Amazon EMR made some changes to spark.dynamicAllocation.enabled when it is set to true; it is false by default. When set to true, this affects the defaults set by the maximizeResourceAllocation setting:

  • If spark.dynamicAllocation.enabled is set to true, spark.executor.instances is not set by maximizeResourceAllocation.

  • The spark.driver.memory setting is now configured based on the instance types in the cluster in a similar way to how spark.executors.memory is set. However, because the Spark driver application may run on either the master or one of the core instances (for example, in YARN client and cluster modes, respectively), the spark.driver.memory setting is set based on the instance type of the smaller instance type between these two instance groups.

  • The spark.default.parallelism setting is now set at twice the number of CPU cores available for YARN containers. In previous releases, this was half that value.

  • The calculations for the memory overhead reserved for Spark YARN processes was adjusted to be more accurate, resulting in a small increase in the total amount of memory available to Spark (that is, spark.executor.memory).

Known Issues Resolved from the Previous Releases

  • YARN log aggregation is now enabled by default.

  • Fixed an issue where logs would not be pushed to a cluster's Amazon S3 logs bucket when YARN log aggregation was enabled.

  • YARN container sizes now have a new minimum of 32 across all node types.

  • Fixed an issue with Ganglia which caused excessive disk I/O on the master node in large clusters.

  • Fixed an issue that prevented applications logs from being pushed to Amazon S3 when a cluster is shutting down.

  • Fixed an issue in EMRFS CLI that caused certain commands to fail.

  • Fixed an issue with Zeppelin that prevented dependencies from being loaded in the underlying SparkContext.

  • Fixed an issue which resulted from issuing a resize attempting to add instances.

  • Fixed an issue in Hive where CREATE TABLE AS SELECT makes excessive list calls to Amazon S3.

  • Fixed an issue where large clusters would not provision properly when Hue, Oozie, and Ganglia are installed.
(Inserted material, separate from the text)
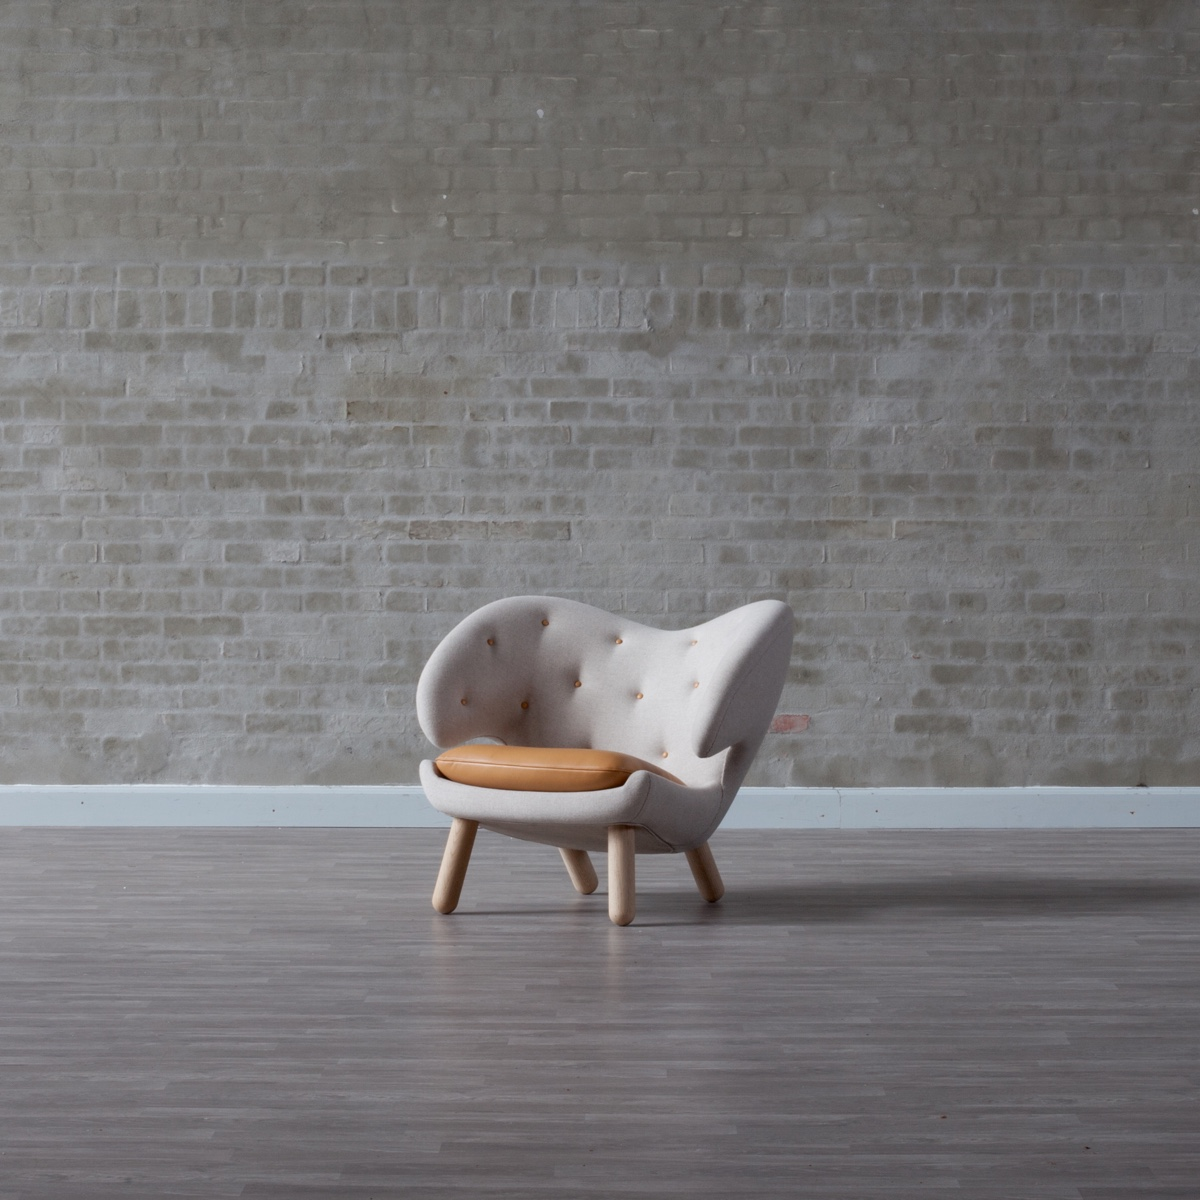 Стулья 40-х годов от дизайнера Финна Юля - Pelican. Фото 1

  • Fixed in issue in s3-dist-cp where it would return a zero exit code even if it failed with an error.

Patches Applied

The following patches from open source projects were included in this release:

Release 4.2.0

Features

The following features are available in this release:

  • Added Ganglia support

  • Upgraded to Spark 1.5.2

  • Upgraded to Presto 0.125

  • Upgraded Oozie to 4.2.0

  • Upgraded Zeppelin to 0.5.5

  • Upgraded the AWS Java SDK to 1.10.27

Known Issues Resolved from the Previous Releases

  • Fixed an issue with the EMRFS CLI where it did not use the default metadata table name.

  • Fixed an issue encountered when using ORC-backed tables in Amazon S3.

  • Fixed an issue encountered with a Python version mismatch in the Spark configuration.

  • Fixed an issue when a YARN node status fails to report because of DNS issues for clusters in a VPC.

  • Fixed an issue encountered when YARN decommissioned nodes, resulting in hanged applications or the inability to schedule new applications.

  • Fixed an issue encountered when clusters terminated with status TIMED_OUT_STARTING.

  • Fixed an issue encoutered when including the EMRFS Scala dependency in other builds. The Scala dependency has been removed.